Start of Information
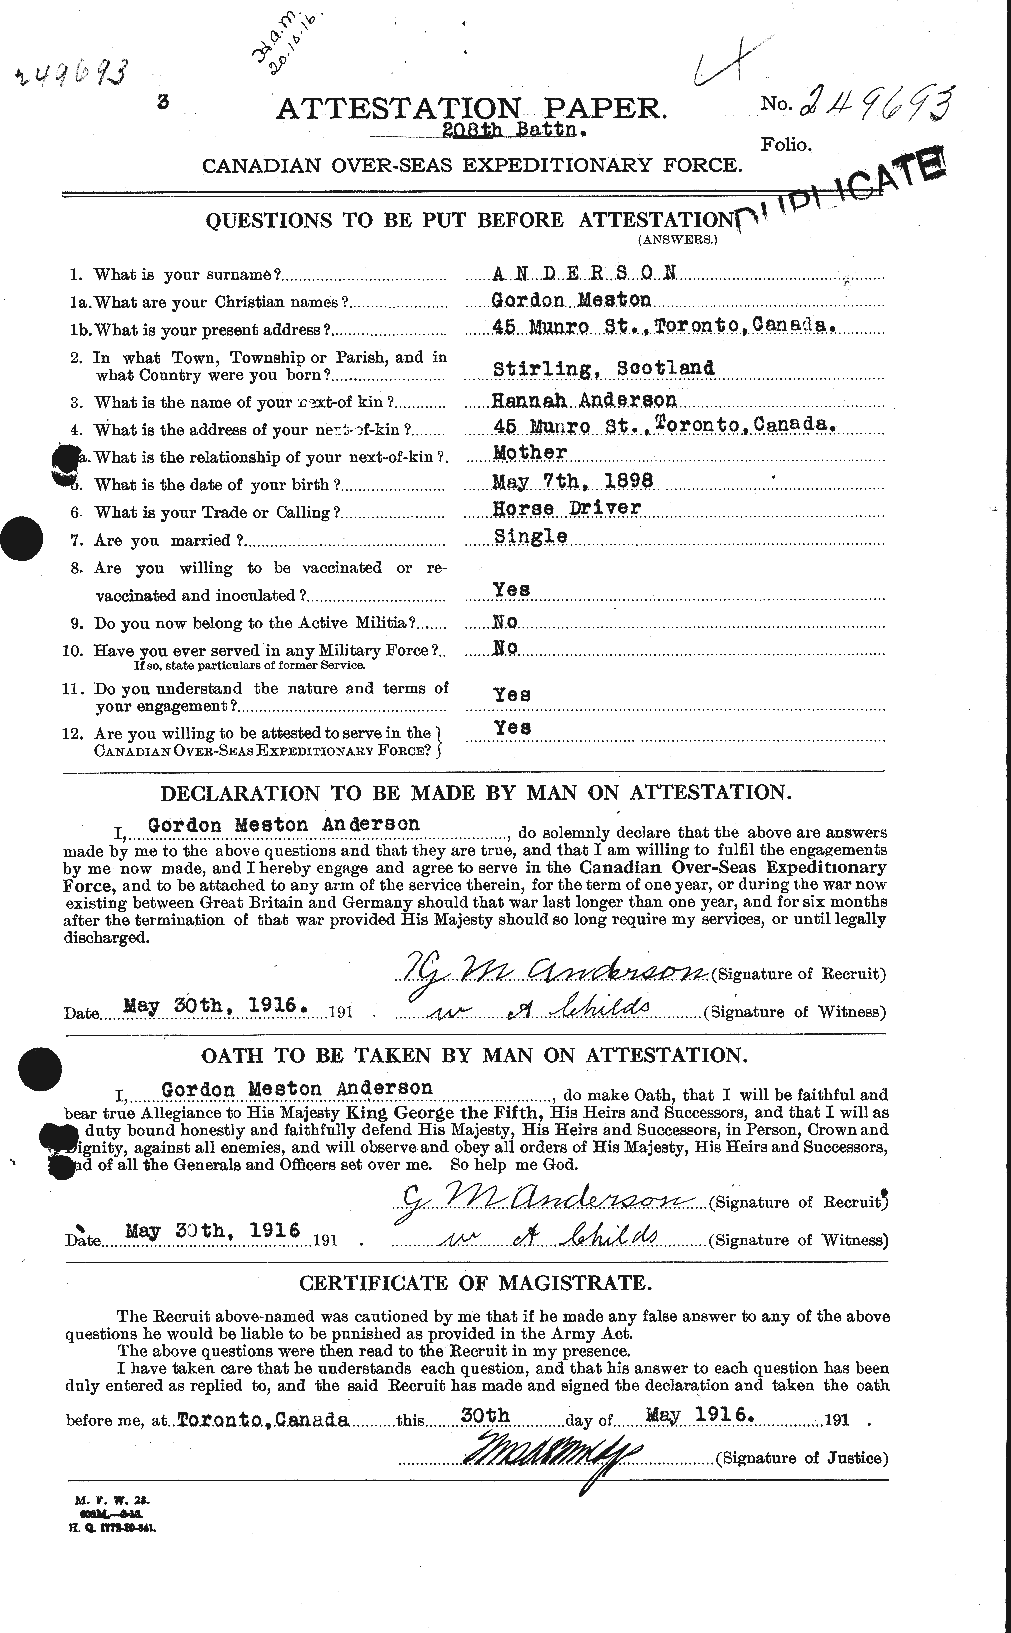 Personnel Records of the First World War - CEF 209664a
End of Information
Start of Information
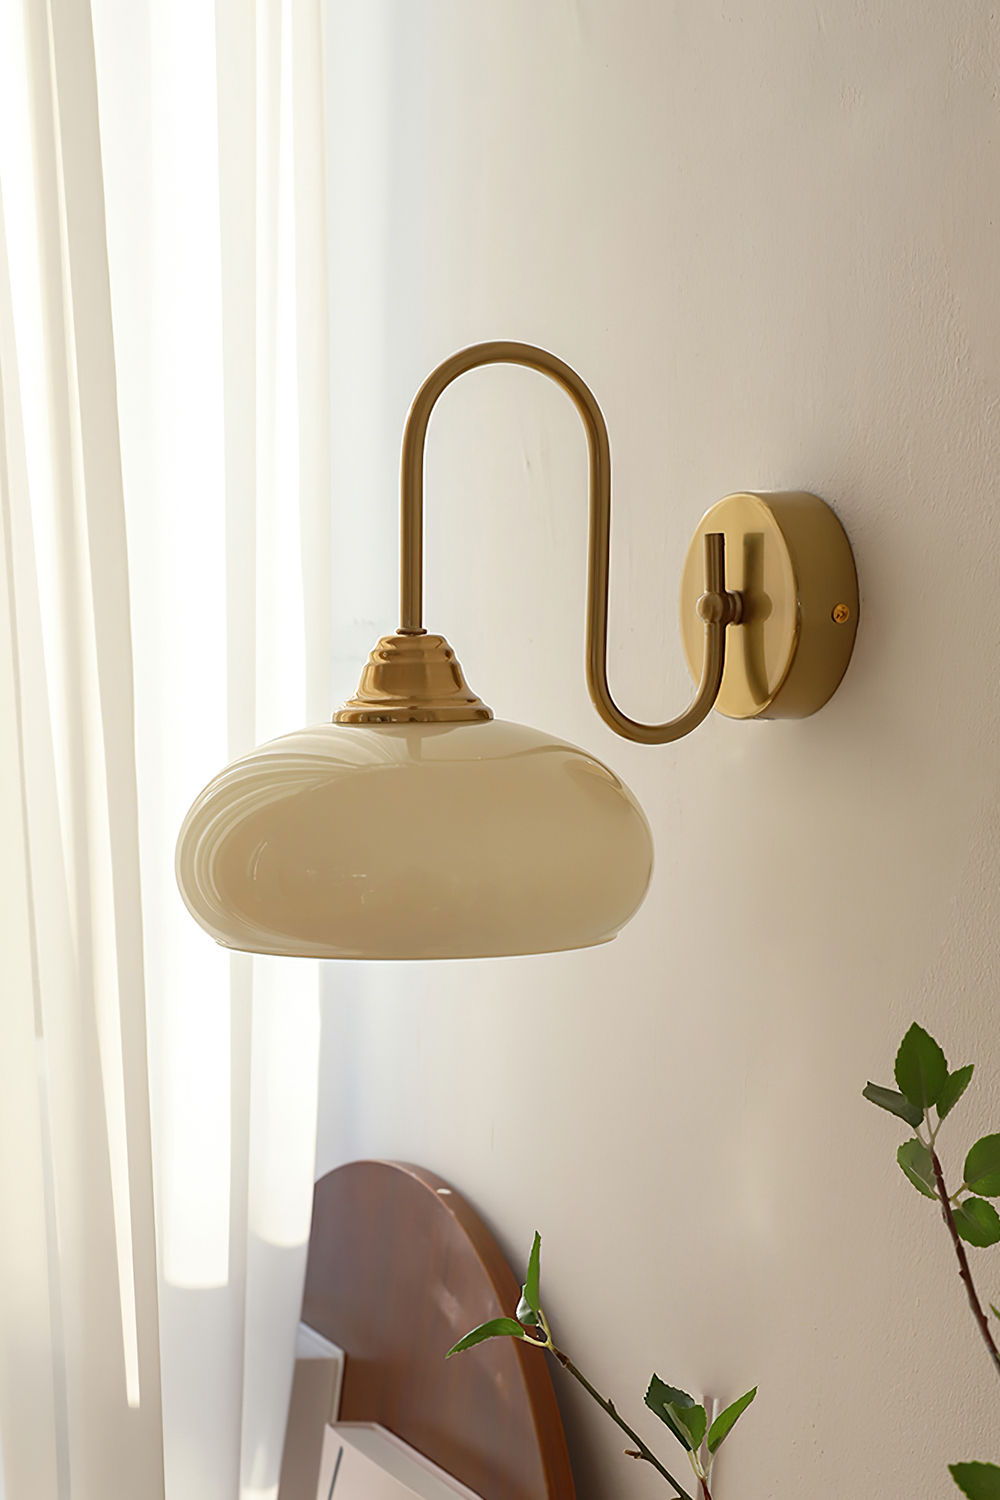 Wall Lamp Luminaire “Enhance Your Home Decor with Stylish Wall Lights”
End of Information
Start of Information
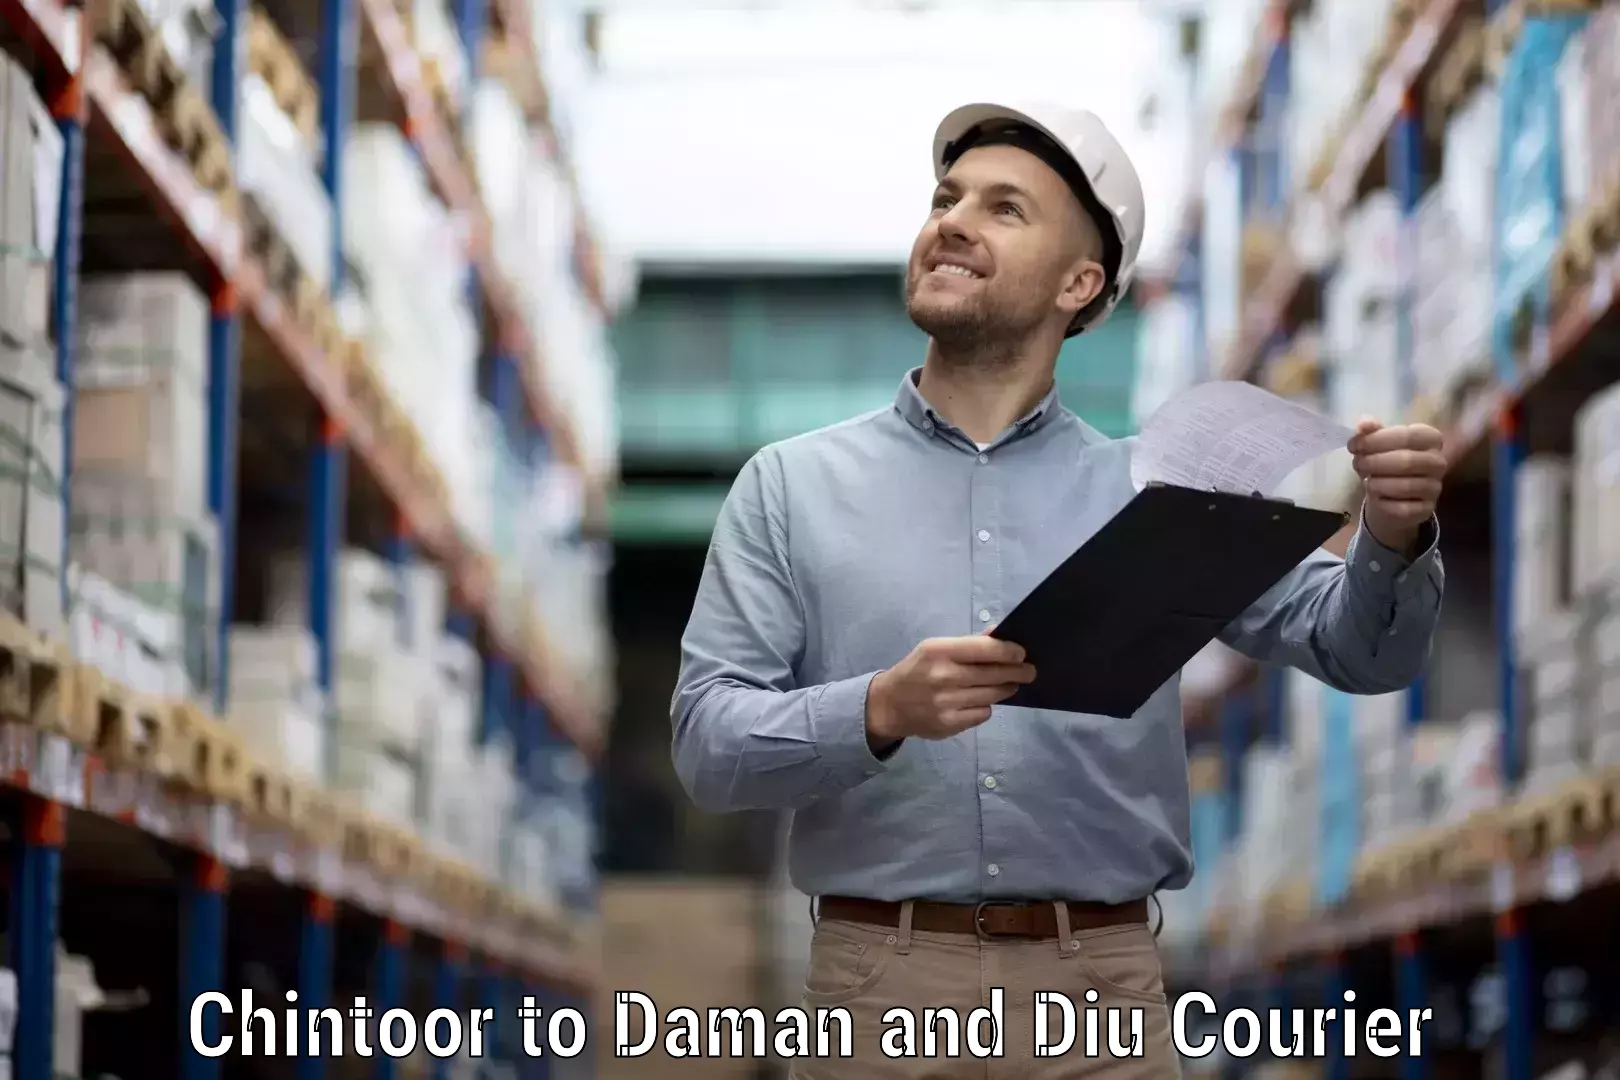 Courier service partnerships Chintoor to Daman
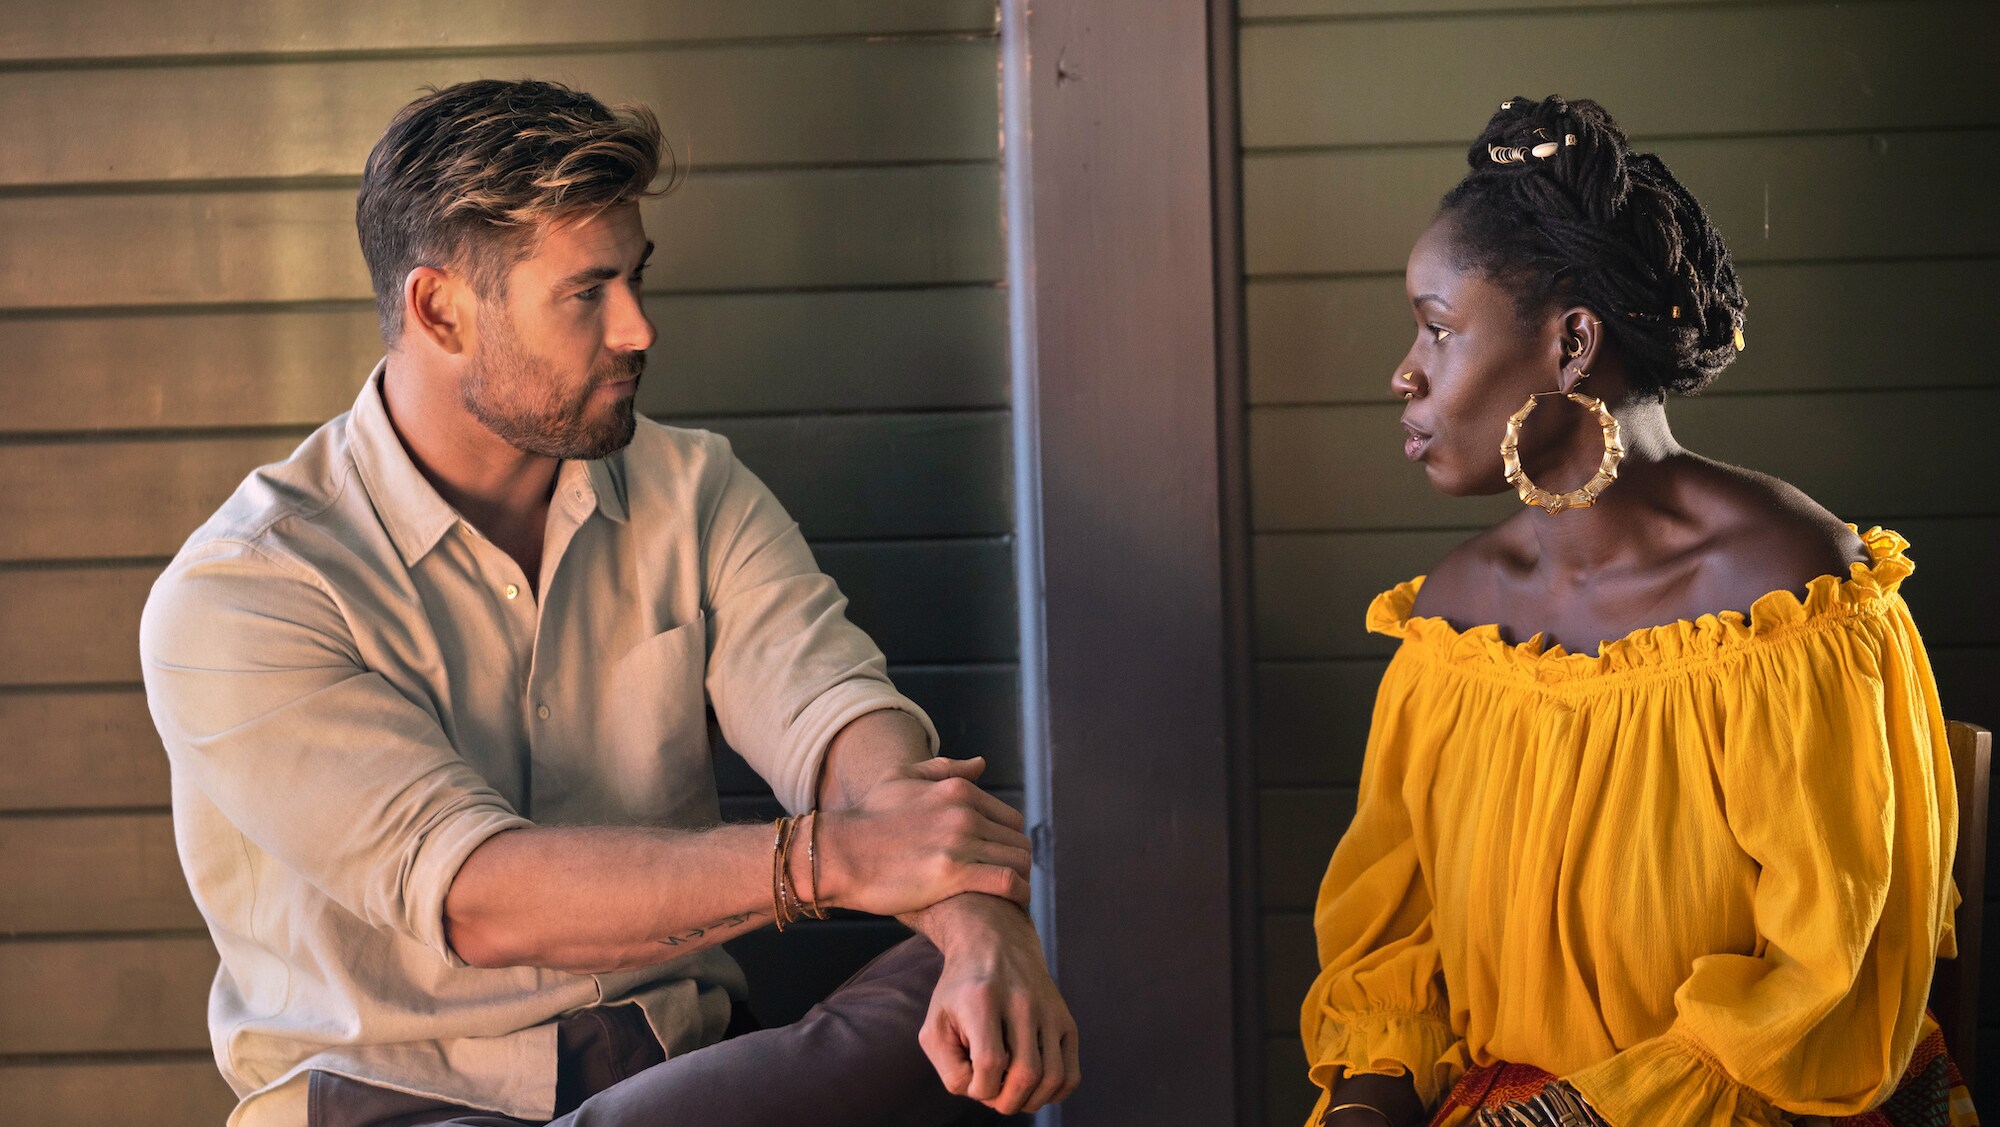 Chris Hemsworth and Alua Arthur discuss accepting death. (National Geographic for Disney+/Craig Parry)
End of Information
In the listing above, find the line with "Courier service partnerships" and the line with "Chris Hemsworth and". Copy both of them and every line between, exactly, but not the pictures.

 Courier service partnerships Chintoor to Daman
 Chris Hemsworth and Alua Arthur discuss accepting death. (National Geographic for Disney+/Craig Parry)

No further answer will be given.